A fight over federal fiscal and monetary policy was at the center of politics in the early American republic. It sparked the Republican opposition that brought Jefferson to power, and it reshaped the federal government that Alexander Hamilton had originally imagined. Jefferson’s champion in that fight was Albert Gallatin, who served as Treasury secretary from the beginning of Jefferson’s administration until the middle of the War of 1812.

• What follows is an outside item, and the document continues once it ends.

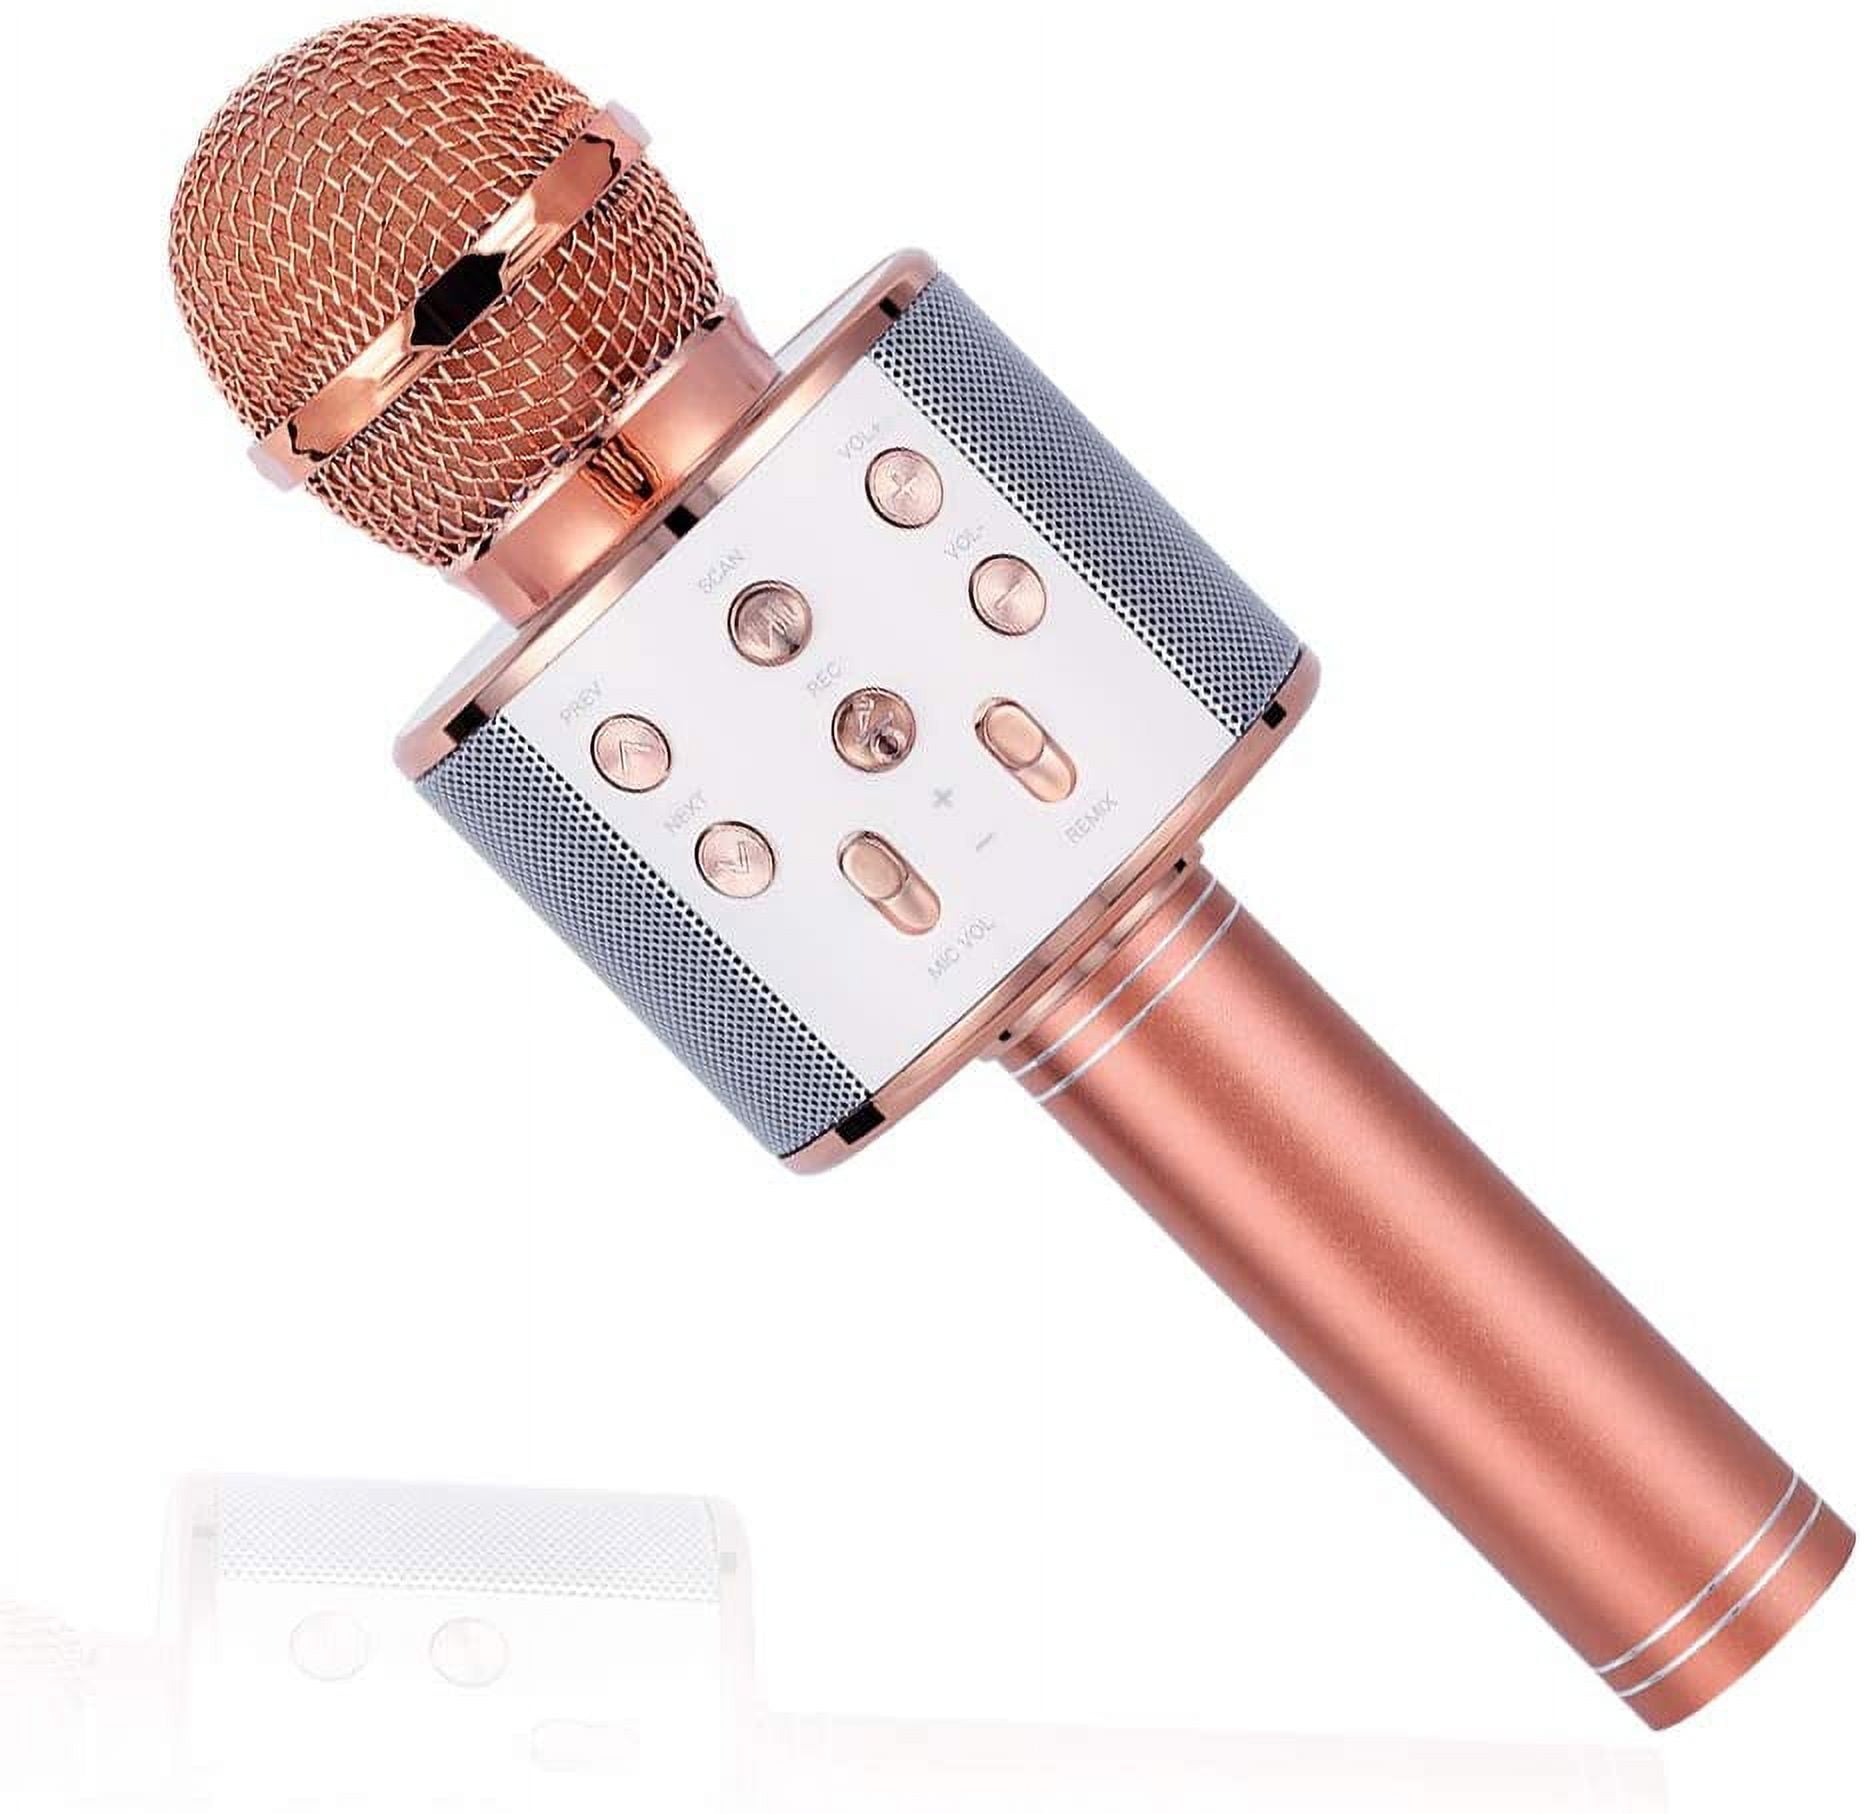 Microphone Android iOs Karaoké Bluetooth 4.2 Haut-Parleur Puissance 5W Rose  YONIS au meilleur prix

Gallatin first came to national attention as a rebel spokesman in the tax uprising later called the Whiskey Rebellion. Despite anti-immigrant bias, he became the Congressional leader of the Republican opposition during John Adams’s administration. After Jefferson became president, Gallatin took charge of the Treasury—the largest and most powerful department of government. By the time Gallatin left office twelve years later, he and the Jeffersonian Republicans had undone Hamilton’s system and set the country’s finances on a new republican course.

The Jefferson administration’s enduring achievement was to contain the federal government by restraining its fiscal power. That was Gallatin’s work. He abolished internal revenue taxes in peacetime, slashed federal spending, and repaid half of the national debt. Heavy spending during the War of 1812 severely tested Gallatin’s system, but his basic reforms created a culture of fiscal restraint that survived.

Greg May’s biography of Albert Gallatin looks at his rise to power, his tumultuous years at the Treasury, and his enduring influence on American fiscal policy. It shows why Gallatin and his policies are essential to an understanding of national politics and finance during the early nineteenth century.

 

About the Speaker

Greg May graduated from the College of William and Mary with a degree in history and the Harvard Law School, where he was an editor of the law review. He clerked for Justice Powell on the Supreme Court, and then practiced law for thirty years. His Gallatin biography builds on his long experience with tax and finance.